--- DATASET EXTRACT Enclosed Below ---
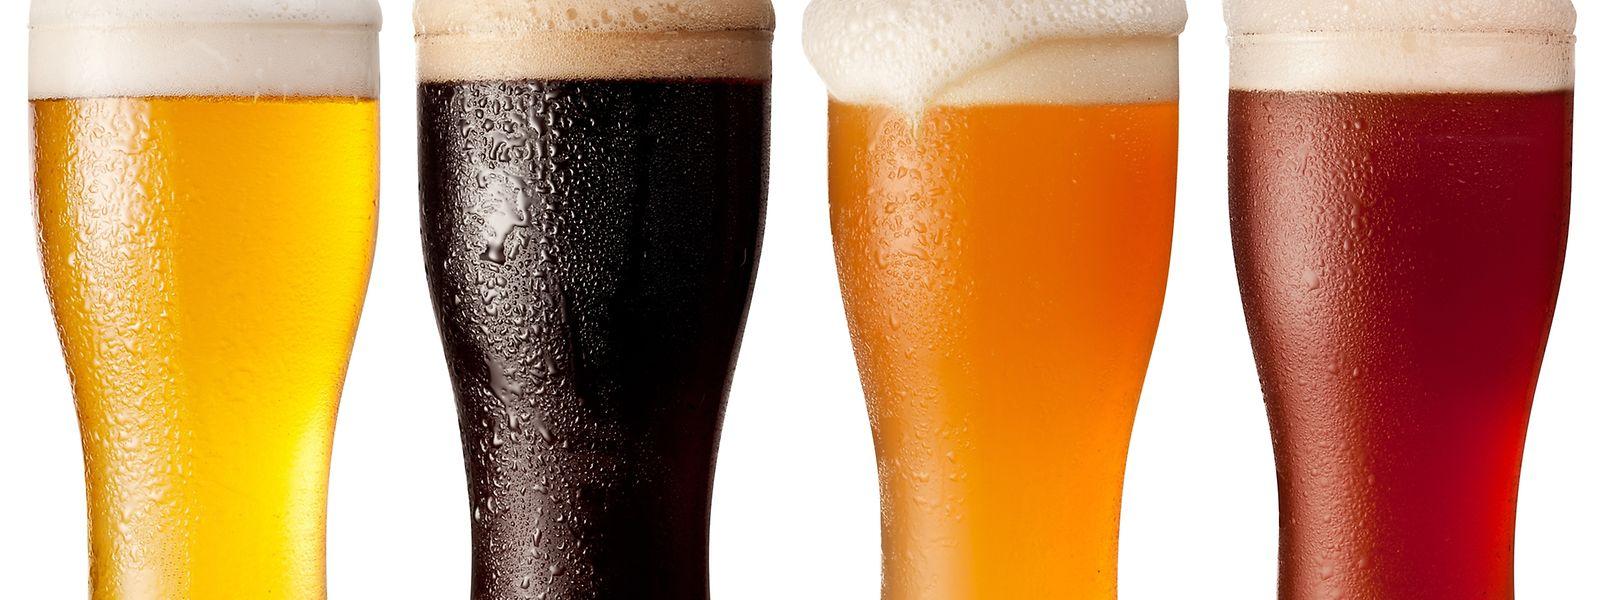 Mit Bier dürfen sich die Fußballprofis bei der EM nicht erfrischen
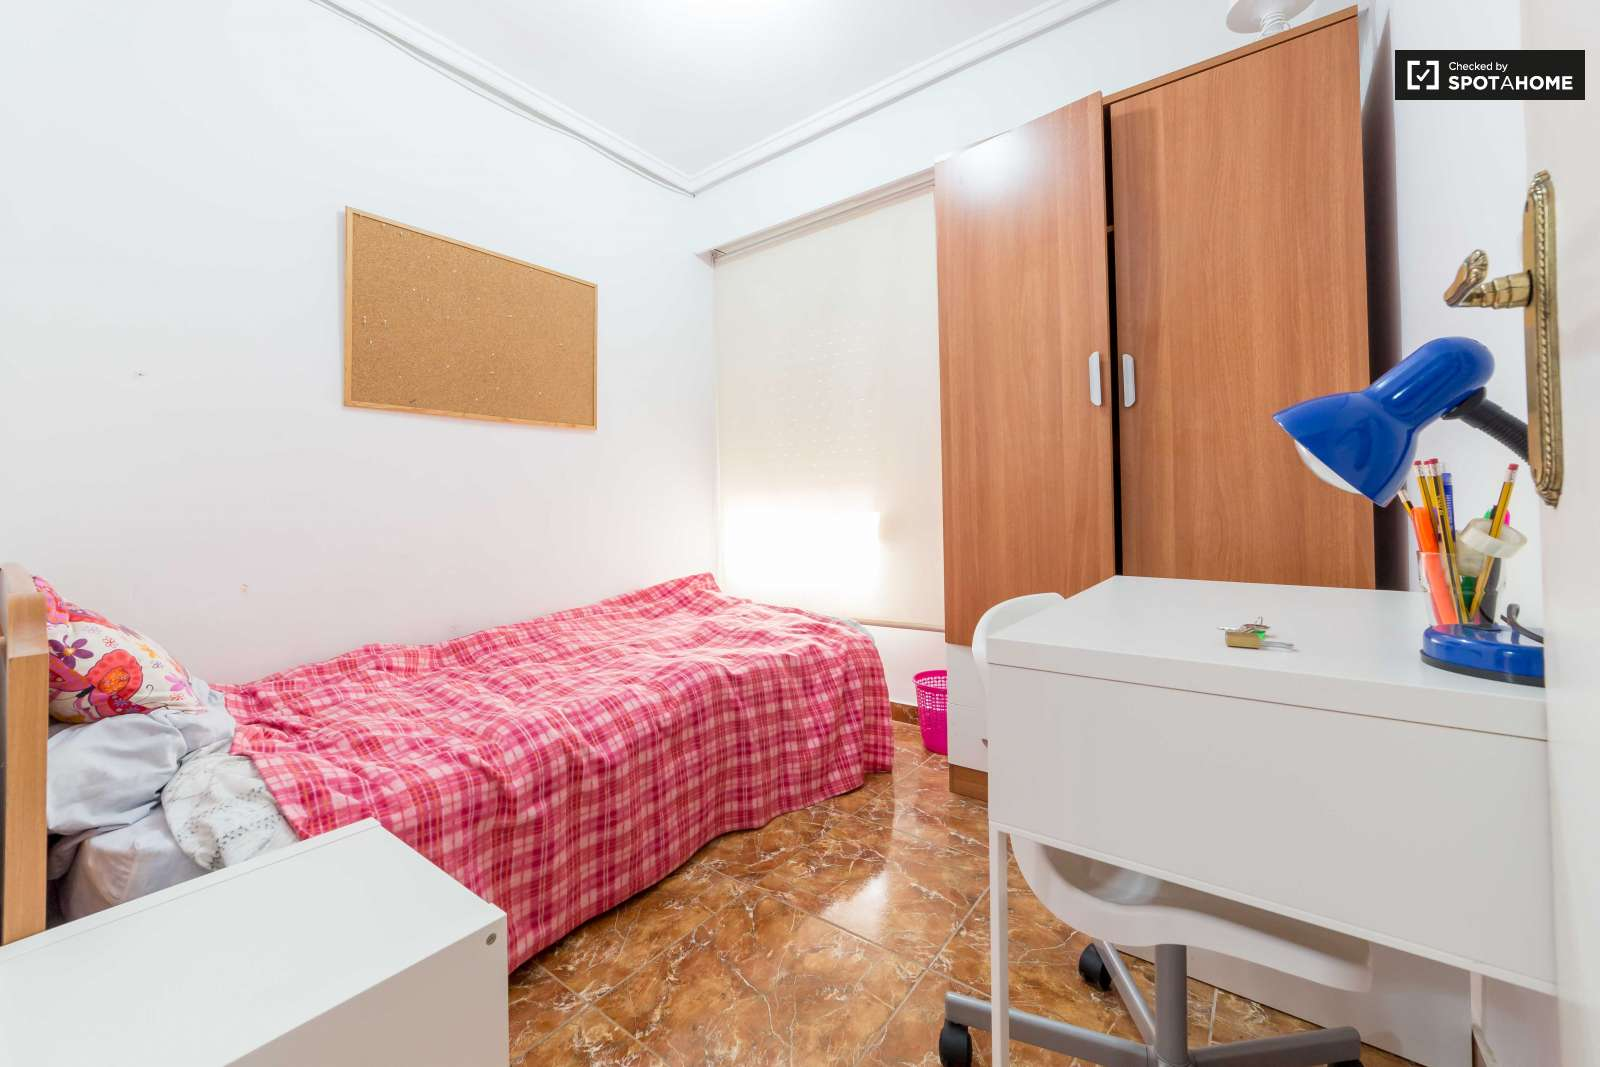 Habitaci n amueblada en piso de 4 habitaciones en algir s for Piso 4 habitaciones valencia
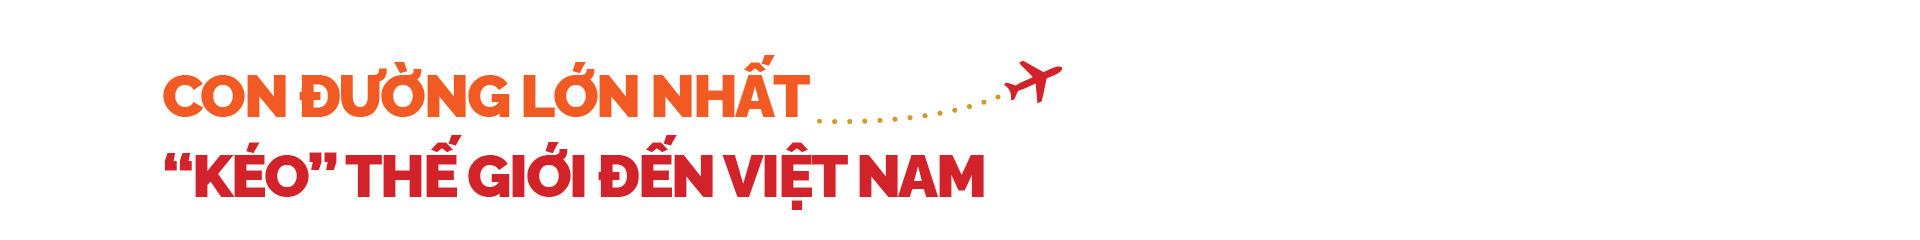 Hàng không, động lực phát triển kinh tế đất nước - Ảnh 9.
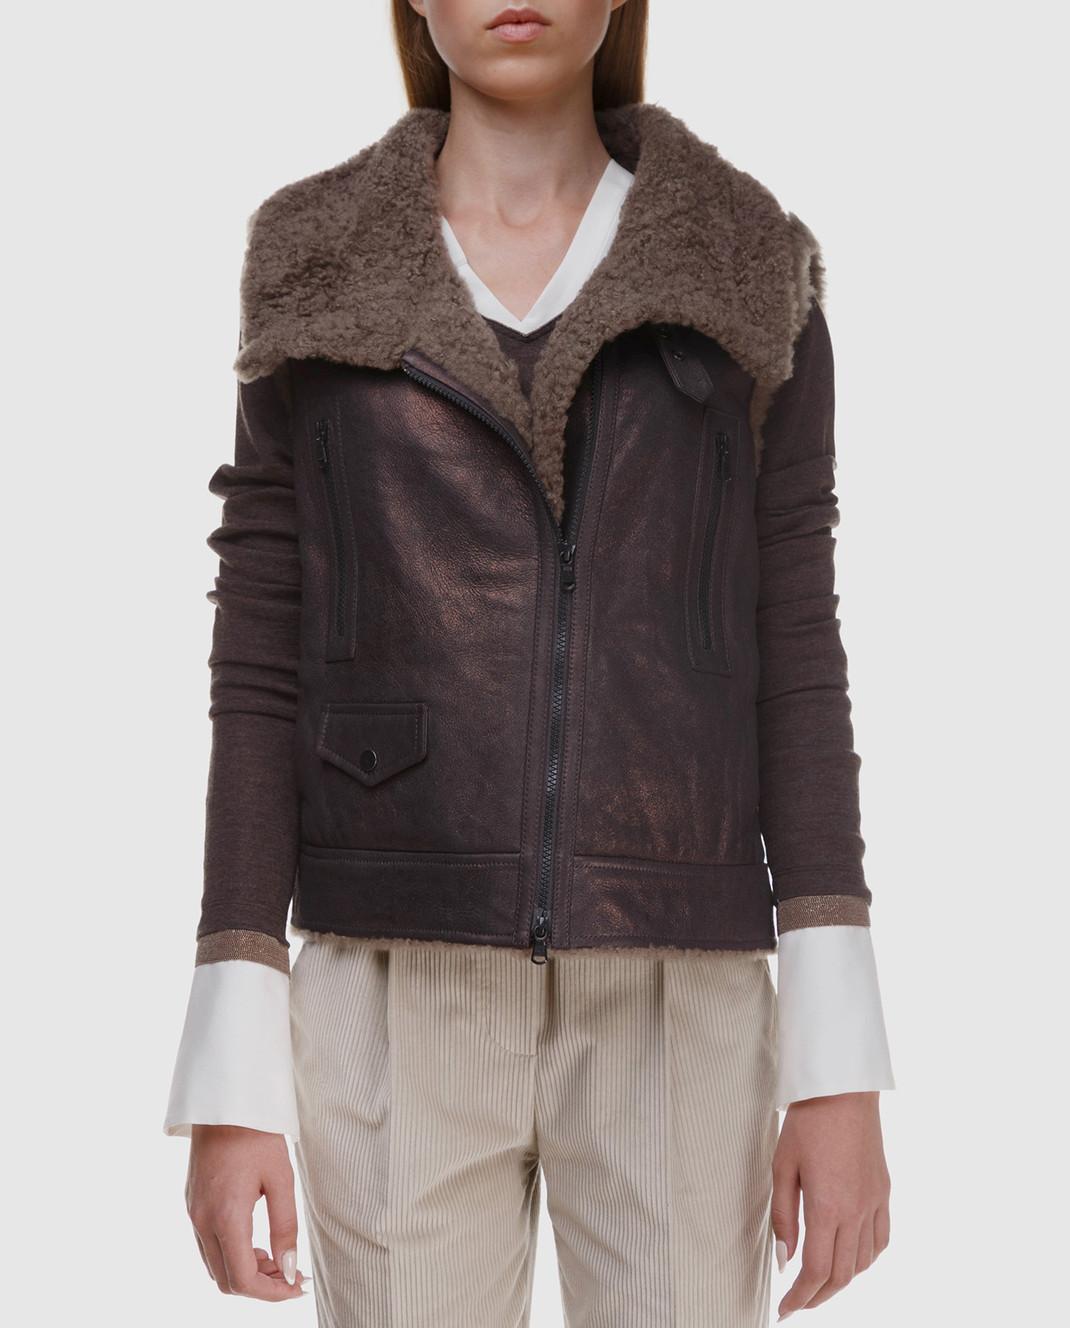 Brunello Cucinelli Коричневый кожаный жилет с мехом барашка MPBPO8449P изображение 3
--- End of Enclosed DATASET EXTRACT ---
ASSIGNMENT:
Once the pictures are set aside, what is needed is the lines from the line with "Hàng không, động" through the end of the data, written out exactly and alone.

RESULT OF THIS EXERCISE:
 Hàng không, động lực phát triển kinh tế đất nước - Ảnh 9.
 Brunello Cucinelli Коричневый кожаный жилет с мехом барашка MPBPO8449P изображение 3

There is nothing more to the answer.